Cristina porterà la cultura pop e il colore sui  terrazzi di Roma  adornando le antenne paraboliche che diventeranno così parte dell’arredo urbano, oggetti cui verrà donato un fascino nuovo.

Non è nuova a tali esperimenti Cristina, da una vita scompone, taglia, incide, straccia e sfilaccia per poi ricostruire: lo fa con le parole, con le tele, con materiali diversi e con gli oggetti grandi e piccoli che si trovano sul suo cammino.

Da sempre Cristina  ha saputo che voleva creare, ha iniziato dapprima  con le parole, scriveva poesie, frammenti di storie e poi scomponeva e rimontava i suoi racconti per farne testi e contesti diversi, come i Surrealisti e i Dadaisti. Ma non le bastava, perciò ha tentato ancora con i quadri, cercando nel colore un senso, nella pittura un percorso. Ma anche questo non le è stato sufficiente. Soltanto quando ha fuso la poesia con l’immagine ha potuto esprimere i concetti, le idee che voleva regalare al mondo.

Così mi racconta in una conversazione, un fiume in piena per descrivere la sua arte.

Cristina:

 Da ragazza ho sempre scritto e dipinto ma non mi sentivo né scrittrice né poetessa, avevo le idee poco chiare, sapevo solo che volevo creare, raccontando delle storie e mi sono iscritta all’Accademia d’Arte. 

Lì, a Brera, è arrivata la consapevolezza, con le lezioni di Luciano Fabbro: mentre tutti seguivano alla lettera le sue opere, io di nascosto sperimentavo con la scrittura. Per la stesura della mia tesi : “Parola e immagine”, sono stata aiutata da Roberto Senesi, grande traduttore e poeta visivo, che mi ha incoraggiato a seguire le mie inclinazioni di sempre: contaminare parole e immagini e mi ha indirizzato al Mercato del Sale, allora in Via Orti, uno dei pochi centri di sperimentazione e studi su queste tematiche in Italia, lo dirigeva Ugo Carrera, grande artista e teorico di scrittura visiva che ha ospitato la mia prima mostra, seguita poi da altri eventi a Milano e altrove. Per anni, è stato quello con lui, nonostante il suo carattere irruente e dominante, un sodalizio per me fondamentale dal punto di vista professionale, intellettuale e soprattutto umano. 

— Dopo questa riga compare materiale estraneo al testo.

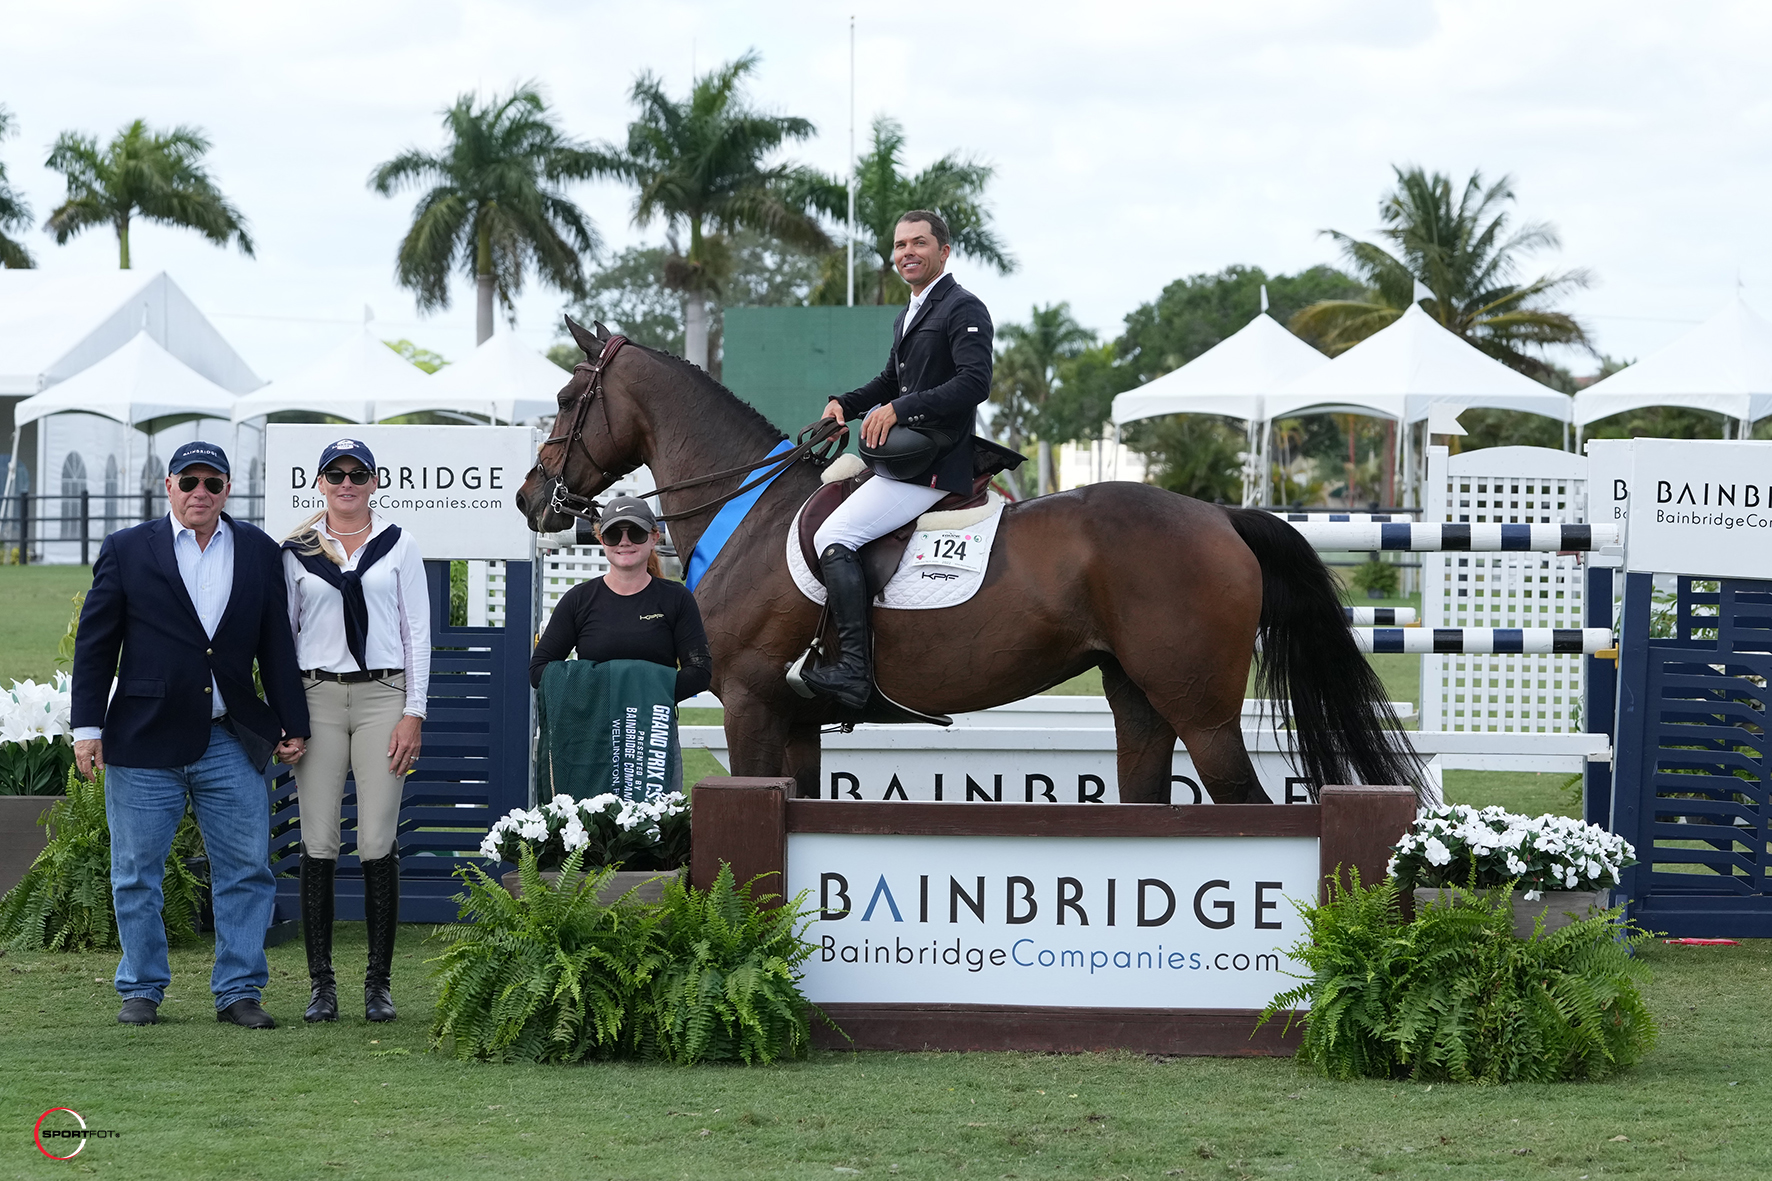 Kent Farrington and Orafina in their presentation ceremony. Pictured with Richard and Jennifer Schechter of Bainbridge Companies, as well as Mary Glier. ©Sportfot

In seguito ho avuto la fortuna di fare da assistente a due artisti Fluxus, alla Fondazione Mudima con Wolf Vostell e con Ken Friedman a Milano Poesia, grande manifestazione dove installazioni, azioni e performance si alternavano, suggerendomi la possibilità di uscire dal quadro, come per una delle mie prime mostre personali: “L’arpa d’erba”, in occasione del quale avevo occupato lo spazio della galleria con un castello di carte in gesso giganti, sulle quali parole e immagini interpretavano il significato dei tarocchi. Ogni volta infatti, un mio progetto si sviluppa su un tema, come “Oriente+Occidente: un dialogo immaginario con una donna cinese”, alla galleria QuintoCortile, dove le pareti vennero occupate da totem nei quali l’iconografia cinese si mescolava a quella Pop, immedesimandomi nella vita di una ragazza asiatica. 

Pur essendo destinata ad essere solitaria la giornata di una pittrice, ho sempre preferito lavorare e condividere le esperienze con gli altri, come il romanzo: “Gli anni chiusi”, scritto a quattro mani con Micaela Solbiati, pubblicato nel 2004 per le Edizioni Archinto. Infatti, da alcuni anni, il mio studio è anche sede dell’Associazione ZONE + Pelouse Interdite: Studi di cultura visuale e pratiche dell’arte, incentrato sul libro e la scrittura e con gli stessi soci, abbiamo fondato il gruppo Sound Strip Poem, che si è già esibito nella performance di lettura simultanea di testi di filosofi, poeti e dei nostri testi dove la voce esalta e trasforma il significato delle parole in musica e ritmo. 

Da giovane, negli anni ‘90, ho collaborato con un’agenzia di Comunicazione,  disegnando magliette e cartoline per diverse manifestazioni e campagne pubblicitarie di Vodka Artic e Campari.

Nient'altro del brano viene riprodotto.